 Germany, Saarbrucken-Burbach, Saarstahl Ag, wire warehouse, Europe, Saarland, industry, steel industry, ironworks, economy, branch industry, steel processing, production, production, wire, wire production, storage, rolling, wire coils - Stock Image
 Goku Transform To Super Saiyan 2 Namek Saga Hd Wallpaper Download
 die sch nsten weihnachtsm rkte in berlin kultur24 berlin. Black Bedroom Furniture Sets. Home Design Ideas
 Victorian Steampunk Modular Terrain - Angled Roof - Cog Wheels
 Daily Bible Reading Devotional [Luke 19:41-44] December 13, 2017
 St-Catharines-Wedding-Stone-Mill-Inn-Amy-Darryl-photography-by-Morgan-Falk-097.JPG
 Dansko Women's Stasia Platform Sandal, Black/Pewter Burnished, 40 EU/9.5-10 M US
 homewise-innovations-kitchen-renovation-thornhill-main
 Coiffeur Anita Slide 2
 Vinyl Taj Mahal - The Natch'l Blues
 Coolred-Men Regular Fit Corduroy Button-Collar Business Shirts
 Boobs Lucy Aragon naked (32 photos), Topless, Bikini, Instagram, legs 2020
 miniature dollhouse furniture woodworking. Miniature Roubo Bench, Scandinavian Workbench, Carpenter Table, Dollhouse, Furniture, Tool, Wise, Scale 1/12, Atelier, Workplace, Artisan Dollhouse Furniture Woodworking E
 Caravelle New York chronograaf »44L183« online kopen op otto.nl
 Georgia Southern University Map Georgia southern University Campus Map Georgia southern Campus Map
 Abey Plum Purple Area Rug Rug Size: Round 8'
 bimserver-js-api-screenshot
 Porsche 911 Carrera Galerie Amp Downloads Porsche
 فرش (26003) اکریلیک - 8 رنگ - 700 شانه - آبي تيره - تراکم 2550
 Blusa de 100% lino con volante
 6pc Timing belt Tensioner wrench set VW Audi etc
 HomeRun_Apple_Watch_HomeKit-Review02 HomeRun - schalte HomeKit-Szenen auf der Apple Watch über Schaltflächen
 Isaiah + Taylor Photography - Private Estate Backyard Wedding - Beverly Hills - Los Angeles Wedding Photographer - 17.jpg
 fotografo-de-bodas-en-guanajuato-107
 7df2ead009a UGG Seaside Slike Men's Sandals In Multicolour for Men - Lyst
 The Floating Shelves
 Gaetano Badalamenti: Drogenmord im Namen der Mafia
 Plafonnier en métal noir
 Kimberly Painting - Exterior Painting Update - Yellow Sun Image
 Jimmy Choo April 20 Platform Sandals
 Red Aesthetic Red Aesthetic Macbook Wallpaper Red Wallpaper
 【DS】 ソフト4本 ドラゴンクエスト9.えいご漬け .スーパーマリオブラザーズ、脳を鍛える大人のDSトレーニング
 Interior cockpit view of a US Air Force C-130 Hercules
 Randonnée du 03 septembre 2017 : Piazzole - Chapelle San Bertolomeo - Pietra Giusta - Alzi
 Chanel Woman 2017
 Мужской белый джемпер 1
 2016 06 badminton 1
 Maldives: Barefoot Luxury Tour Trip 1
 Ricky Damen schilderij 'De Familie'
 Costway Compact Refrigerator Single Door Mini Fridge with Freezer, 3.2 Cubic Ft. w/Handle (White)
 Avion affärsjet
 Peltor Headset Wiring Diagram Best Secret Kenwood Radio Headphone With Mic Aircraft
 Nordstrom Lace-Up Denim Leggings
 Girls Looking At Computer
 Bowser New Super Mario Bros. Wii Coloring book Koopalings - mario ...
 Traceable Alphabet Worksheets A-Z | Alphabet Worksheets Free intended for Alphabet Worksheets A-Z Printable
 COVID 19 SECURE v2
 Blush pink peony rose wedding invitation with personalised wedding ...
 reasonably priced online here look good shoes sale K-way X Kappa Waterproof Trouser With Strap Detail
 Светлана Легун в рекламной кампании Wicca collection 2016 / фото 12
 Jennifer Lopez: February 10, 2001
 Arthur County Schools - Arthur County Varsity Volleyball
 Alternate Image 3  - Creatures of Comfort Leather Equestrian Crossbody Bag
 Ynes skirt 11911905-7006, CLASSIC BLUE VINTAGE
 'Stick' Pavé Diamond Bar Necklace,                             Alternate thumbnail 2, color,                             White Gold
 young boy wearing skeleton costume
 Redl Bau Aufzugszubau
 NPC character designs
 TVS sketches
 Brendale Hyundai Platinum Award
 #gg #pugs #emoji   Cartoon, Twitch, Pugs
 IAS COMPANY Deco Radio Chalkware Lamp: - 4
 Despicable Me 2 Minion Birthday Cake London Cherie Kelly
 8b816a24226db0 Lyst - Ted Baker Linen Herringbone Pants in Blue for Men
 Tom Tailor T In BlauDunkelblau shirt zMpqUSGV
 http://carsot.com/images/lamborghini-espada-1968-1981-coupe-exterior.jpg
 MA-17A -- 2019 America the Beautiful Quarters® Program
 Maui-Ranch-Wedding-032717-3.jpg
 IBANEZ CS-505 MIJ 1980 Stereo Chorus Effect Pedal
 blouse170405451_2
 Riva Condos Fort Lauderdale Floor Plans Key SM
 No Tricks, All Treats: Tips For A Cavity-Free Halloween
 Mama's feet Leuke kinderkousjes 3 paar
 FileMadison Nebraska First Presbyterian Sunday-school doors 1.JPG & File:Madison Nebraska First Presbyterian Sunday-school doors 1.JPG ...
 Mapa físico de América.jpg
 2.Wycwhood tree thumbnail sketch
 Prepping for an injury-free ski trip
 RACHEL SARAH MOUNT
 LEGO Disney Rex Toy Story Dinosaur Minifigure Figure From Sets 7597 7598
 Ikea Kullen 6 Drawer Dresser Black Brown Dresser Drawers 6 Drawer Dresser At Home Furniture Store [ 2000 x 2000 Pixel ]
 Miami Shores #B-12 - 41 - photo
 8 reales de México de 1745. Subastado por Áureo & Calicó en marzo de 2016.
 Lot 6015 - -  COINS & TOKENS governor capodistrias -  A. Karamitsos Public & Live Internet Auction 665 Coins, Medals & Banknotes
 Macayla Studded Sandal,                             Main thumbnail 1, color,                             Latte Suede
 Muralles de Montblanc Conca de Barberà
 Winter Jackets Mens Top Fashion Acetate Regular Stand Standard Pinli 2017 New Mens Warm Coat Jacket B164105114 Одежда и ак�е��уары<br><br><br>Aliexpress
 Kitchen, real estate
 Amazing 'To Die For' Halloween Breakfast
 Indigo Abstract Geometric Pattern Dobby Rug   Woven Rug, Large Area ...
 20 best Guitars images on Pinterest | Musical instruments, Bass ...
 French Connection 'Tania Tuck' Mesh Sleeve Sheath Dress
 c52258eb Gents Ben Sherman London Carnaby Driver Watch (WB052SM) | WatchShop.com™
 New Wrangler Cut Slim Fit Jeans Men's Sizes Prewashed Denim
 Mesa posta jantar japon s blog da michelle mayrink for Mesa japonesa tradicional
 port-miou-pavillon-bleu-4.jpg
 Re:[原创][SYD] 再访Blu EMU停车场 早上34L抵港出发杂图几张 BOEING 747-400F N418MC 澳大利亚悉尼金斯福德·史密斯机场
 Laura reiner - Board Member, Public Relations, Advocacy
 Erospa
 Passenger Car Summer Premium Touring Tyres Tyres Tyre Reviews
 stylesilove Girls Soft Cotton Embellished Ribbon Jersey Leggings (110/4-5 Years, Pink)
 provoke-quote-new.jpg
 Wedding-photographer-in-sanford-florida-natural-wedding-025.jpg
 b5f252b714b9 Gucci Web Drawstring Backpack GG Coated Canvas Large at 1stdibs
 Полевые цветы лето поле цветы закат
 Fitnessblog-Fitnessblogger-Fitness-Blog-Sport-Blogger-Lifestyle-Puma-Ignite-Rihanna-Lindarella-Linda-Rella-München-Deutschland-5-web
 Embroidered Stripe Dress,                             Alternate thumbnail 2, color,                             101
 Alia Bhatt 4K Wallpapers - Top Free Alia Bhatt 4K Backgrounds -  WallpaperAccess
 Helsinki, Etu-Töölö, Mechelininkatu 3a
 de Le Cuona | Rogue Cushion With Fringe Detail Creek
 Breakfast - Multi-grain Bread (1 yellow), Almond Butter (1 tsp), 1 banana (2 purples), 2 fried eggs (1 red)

● GOAL OF THE EXERCISE:
How many lines of these entries hold the string "Large"? Answer with the number alone.

● RESULT BELOW:
2